From the line that has "Old King's Castle" down to the last line of the data below, set down every line exactly, but none of the pictures.

Start of Raw data

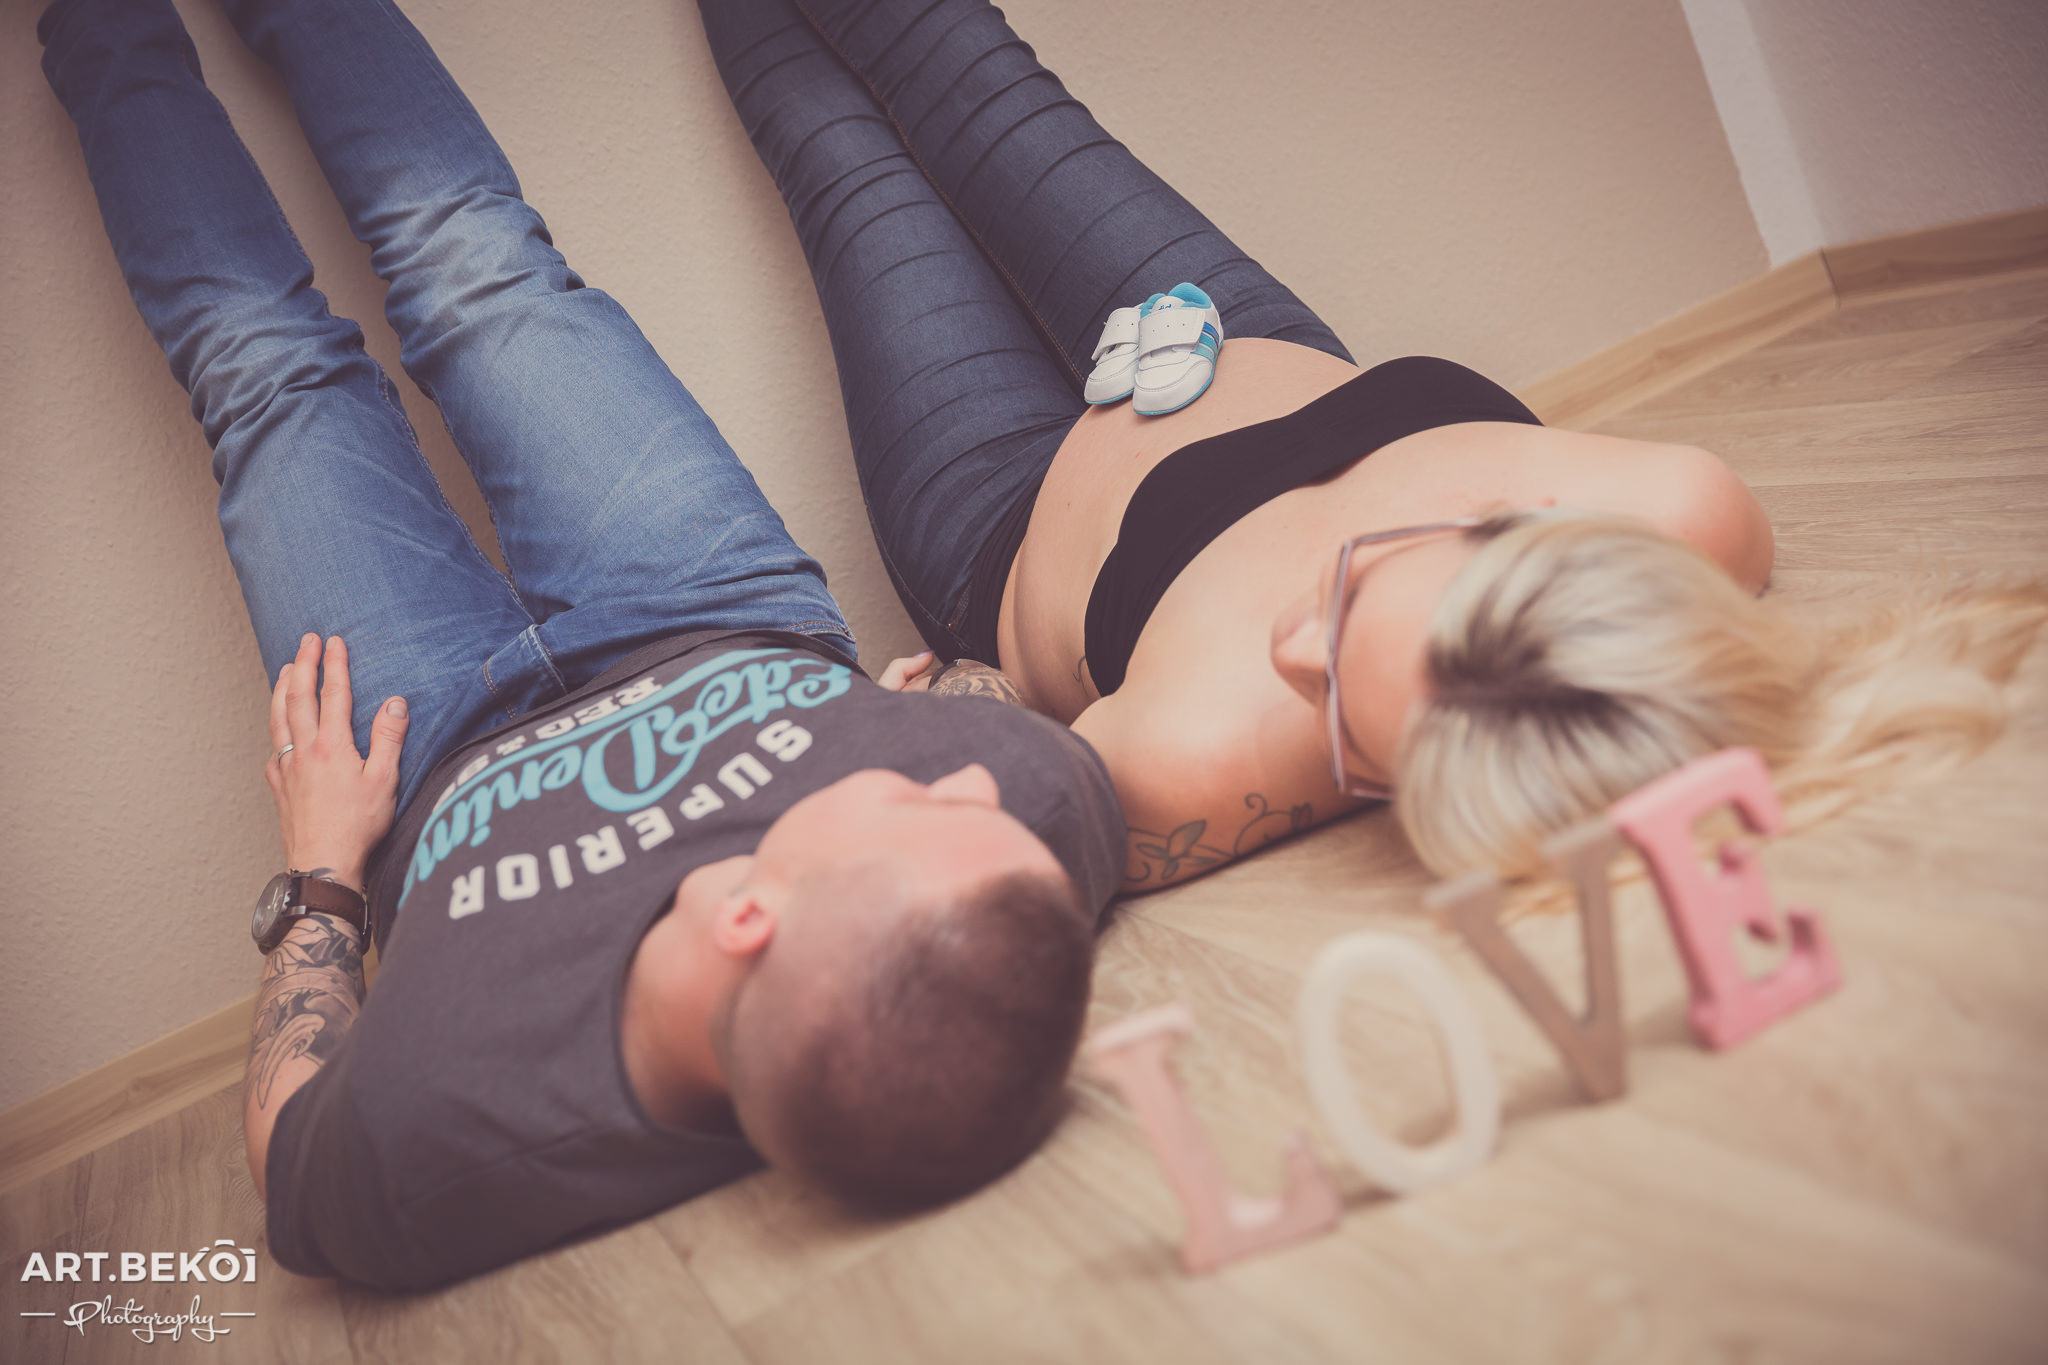 Familienshooting | Babybauch Janine & David
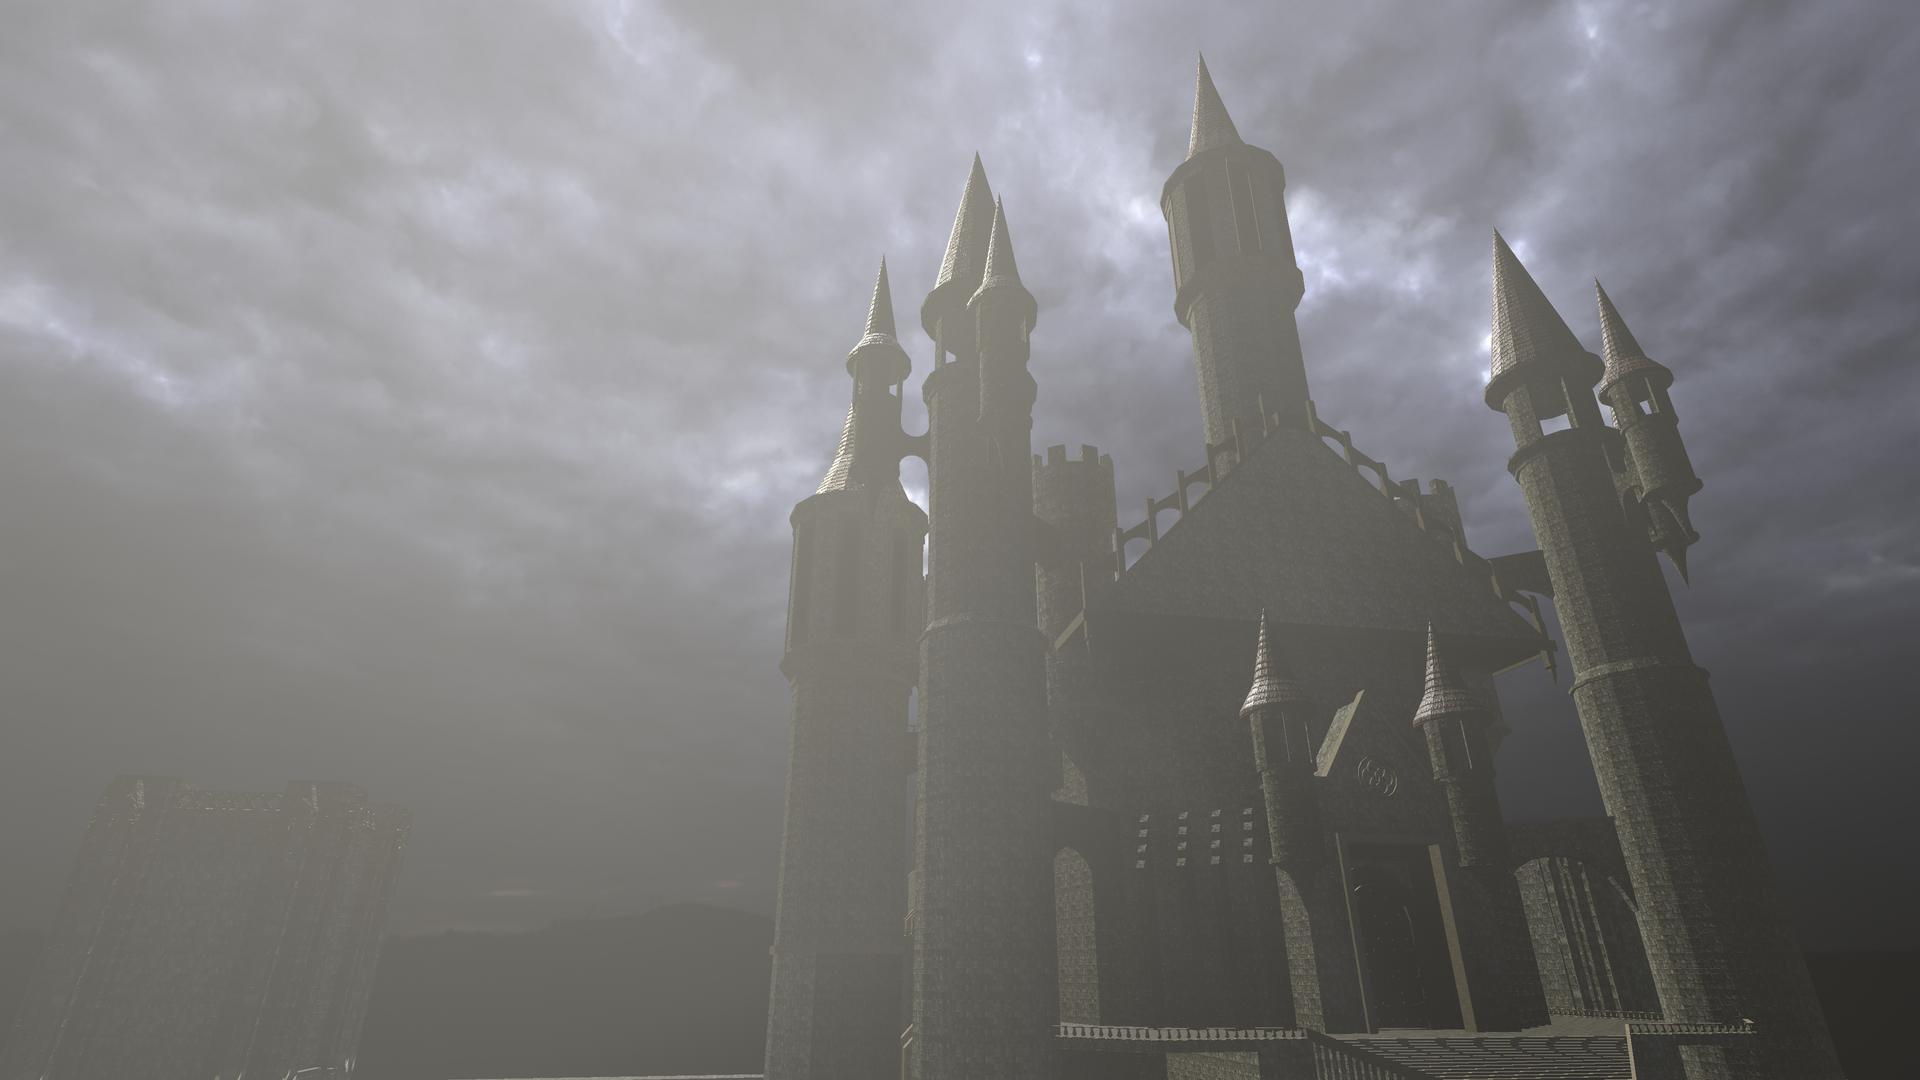 Old King's Castle
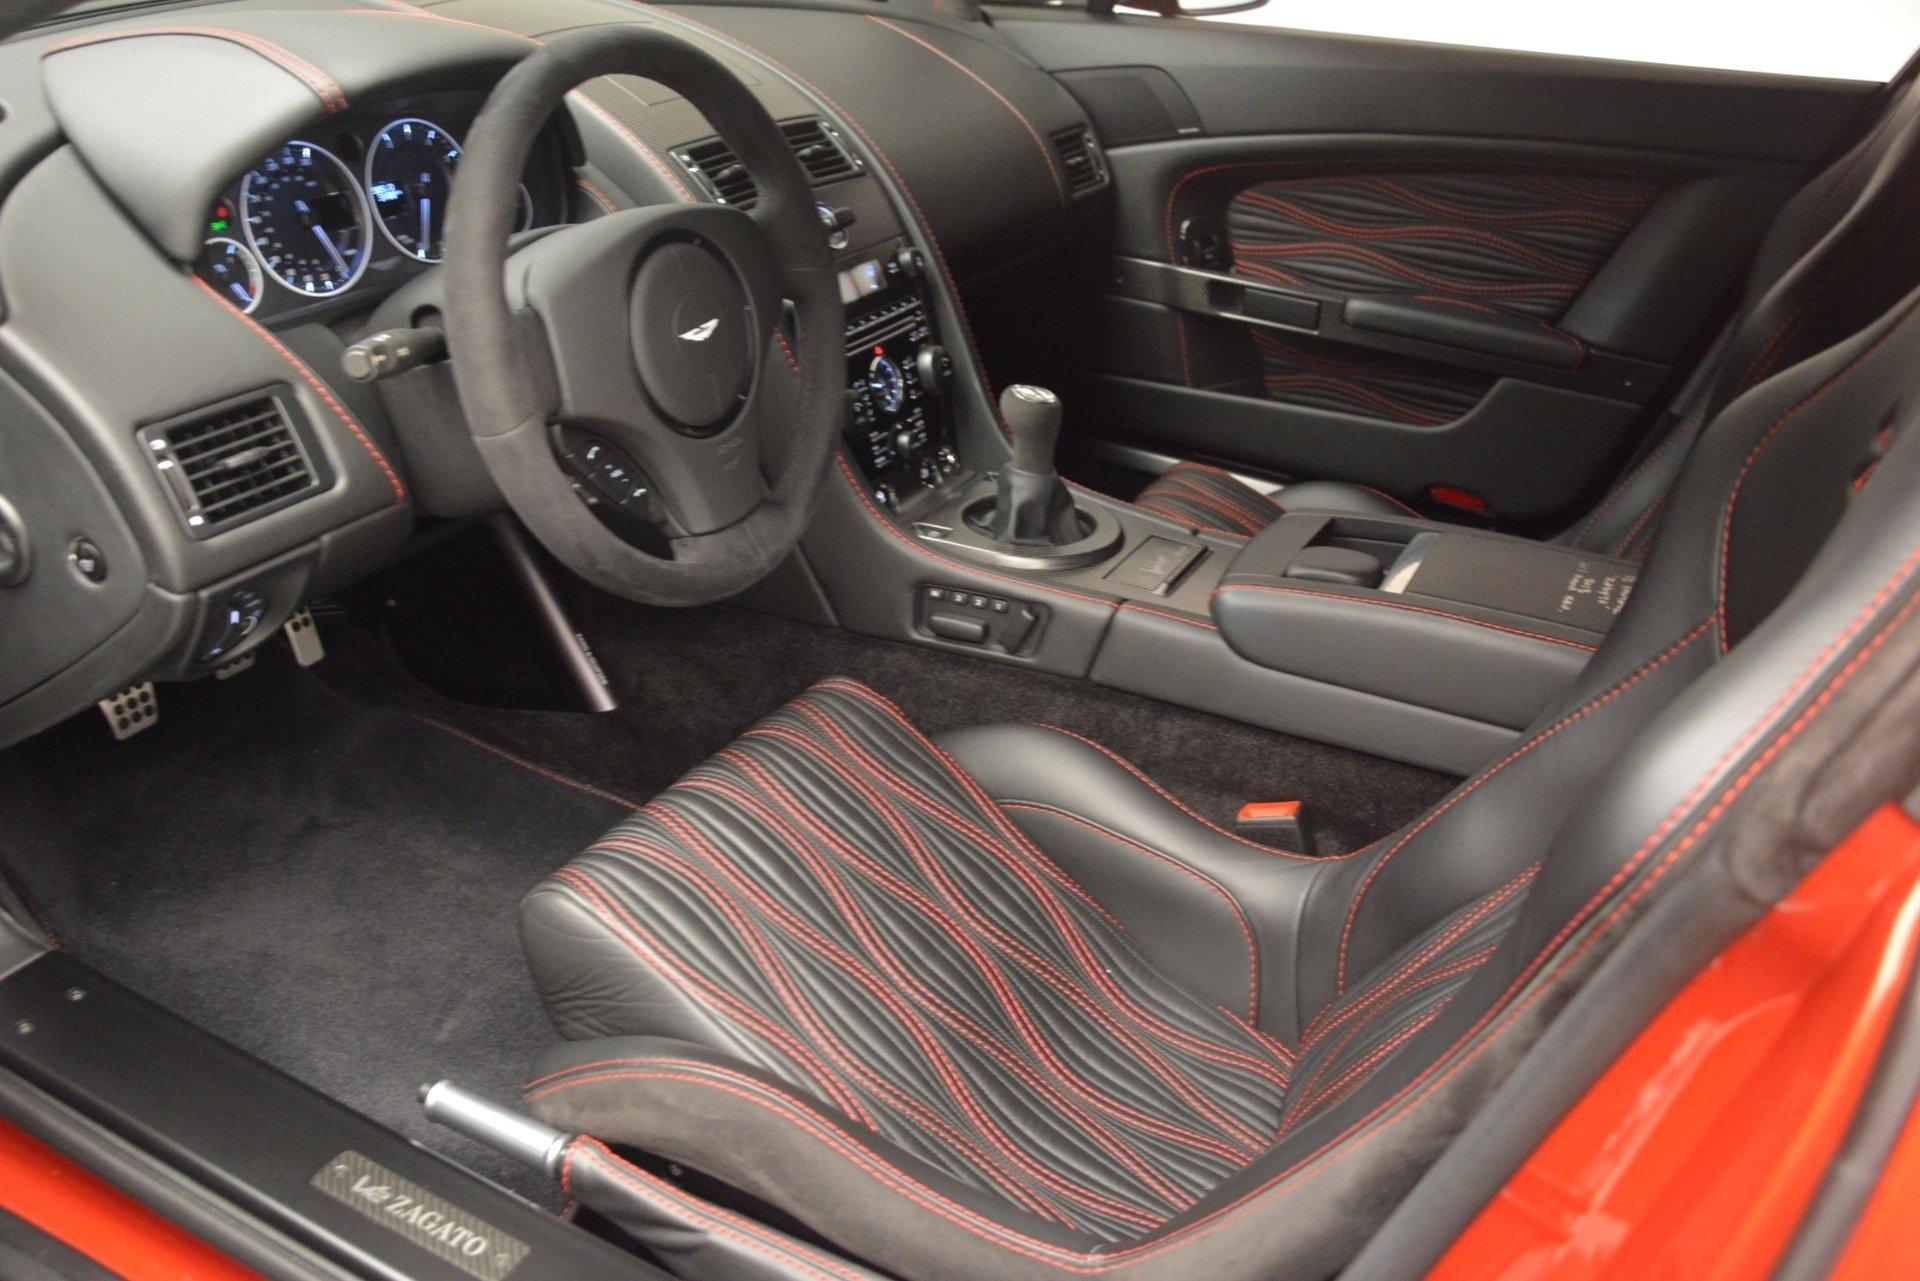 Used 2013 Aston Martin V12 Zagato Coupe For Sale In Westport, CT 3181_p13
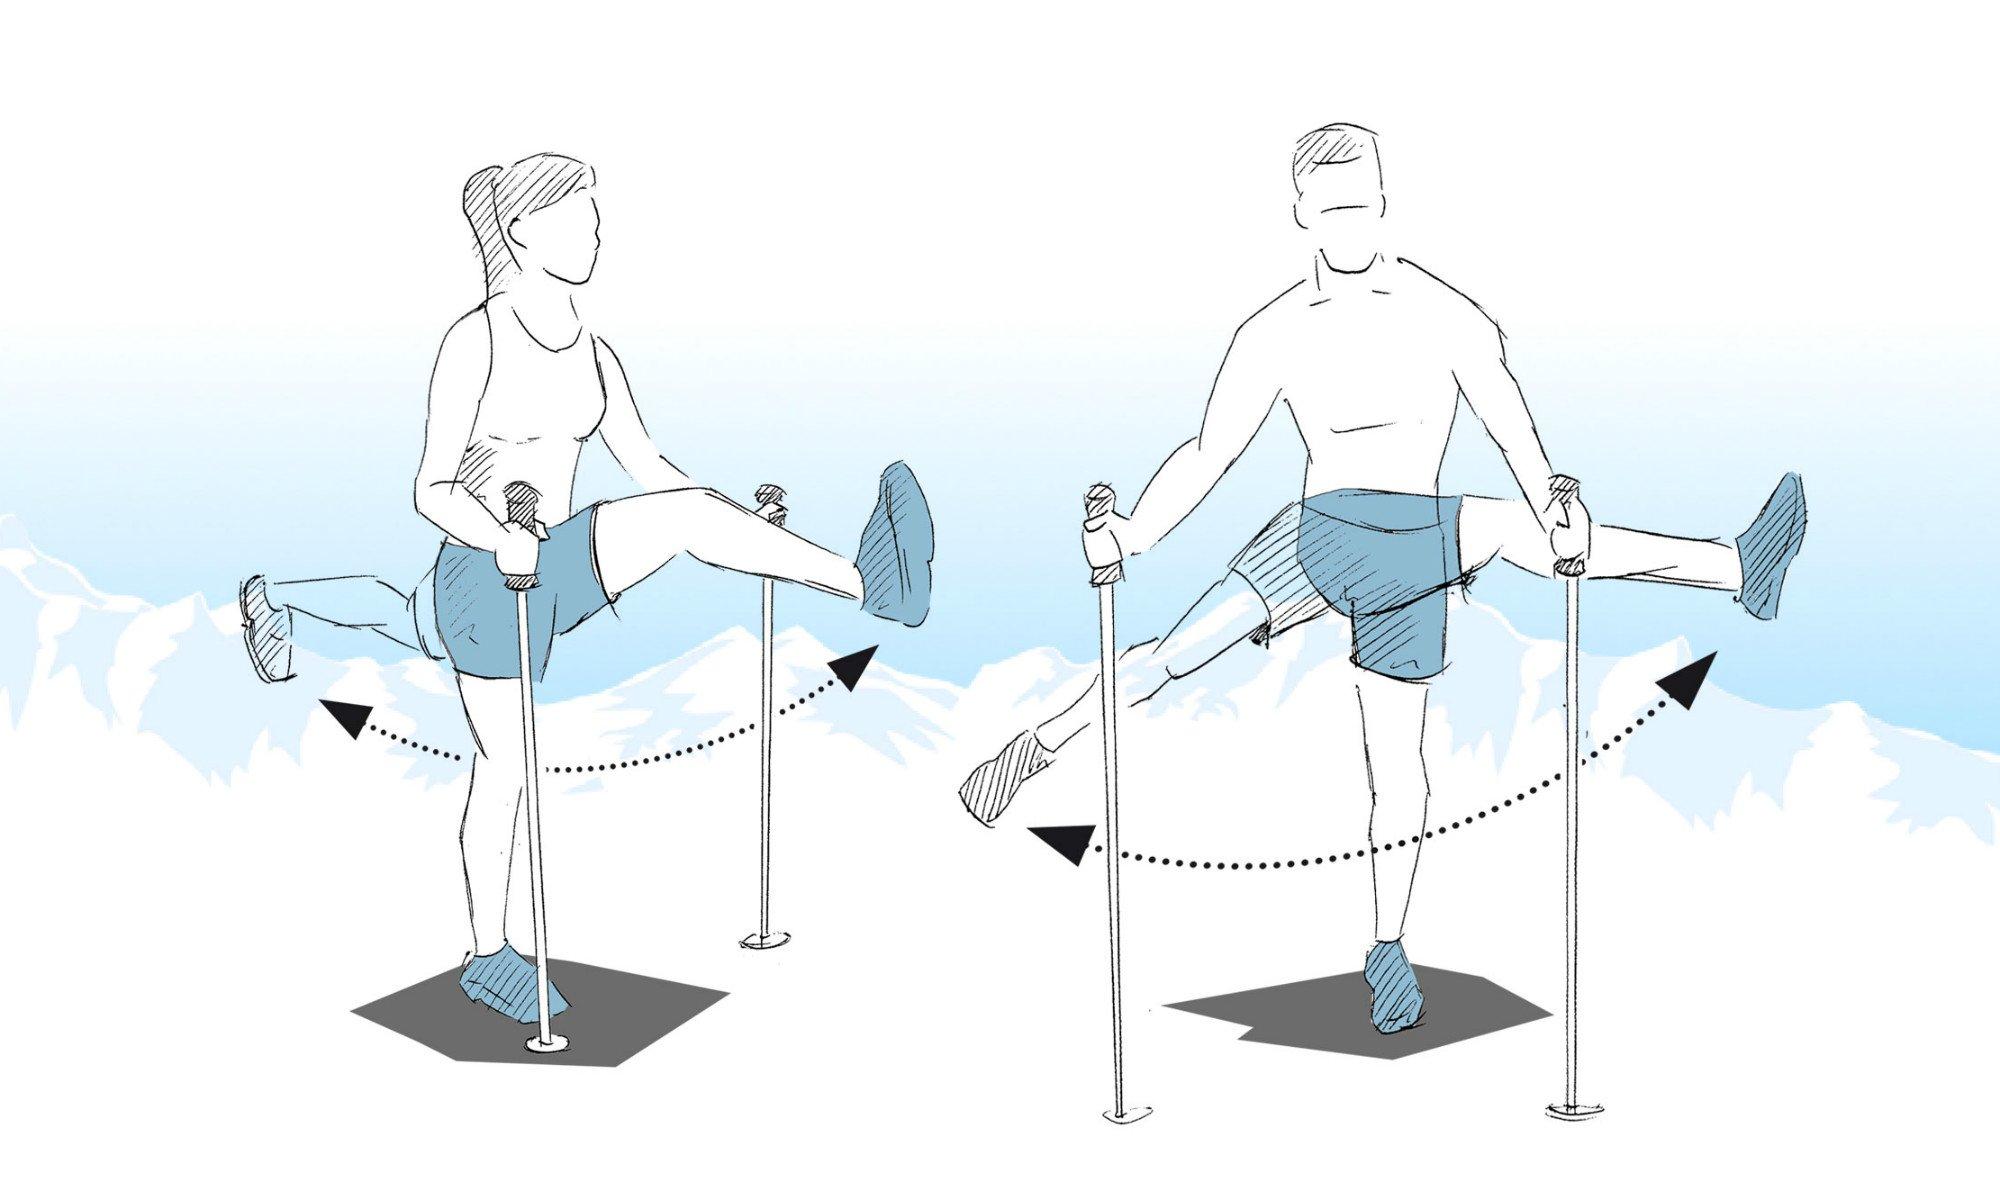 Démonstration du balancement des jambes.

End of Raw data

__The completed task__
 Old King's Castle
 Used 2013 Aston Martin V12 Zagato Coupe For Sale In Westport, CT 3181_p13
 Démonstration du balancement des jambes.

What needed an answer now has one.